The post “A Step by Step Guide to Write an R package That Uses C++ Code (Ubuntu)” was originally posted on Pacha.dev Blog.
Motivation
A large part of my research interest requires to estimate computationally intensive models, such as the General Equilibrium Poisson Pseudo Maximum Likelihood (GEPPML) estimator derived from the equilibrium conditions introduced by Anderson and Van Wincoop (2004) for estimation and inference.
The GEPPML estimator is a computationally intensive estimator that requires to solve a system of non-linear equations, and for this task we might be better-off by using a compiled language such as C++. The good news is that we can use C++ code within R and Python, and this blog post is about using C++ functions from R.

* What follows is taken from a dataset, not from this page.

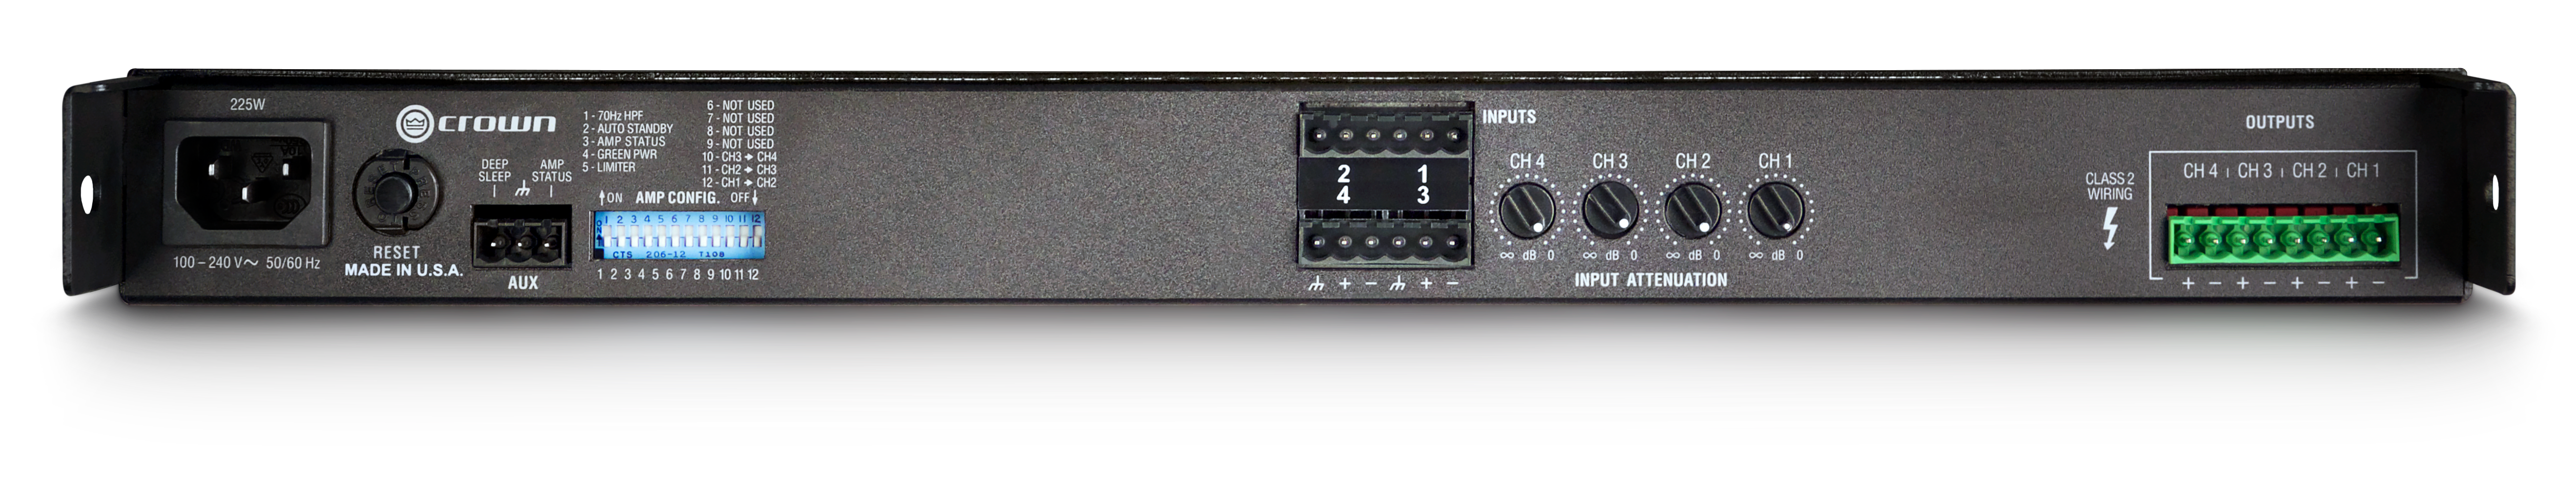 CROWN CT 475 Amplificador de potencia 4 canales, 75W 4 Ω por canal de salida

Also, I do not pretend to be an expert on C++ or debate if R is better than Python. I use both from Visual Studio Code. I do want to share my experience on how to use C++ code within R.
Honest disclaimer
This blog post is a summary of what worked after hours of fails for my future self. I hope it helps you too.
I am a Statistician and Political Scientist, not a Computer Scientist!
Setup
Because I have been already learning C++ version 11, I decided to install llvm-11
on my laptop that has Linux Mint installed, and which is based on Ubuntu 22.04.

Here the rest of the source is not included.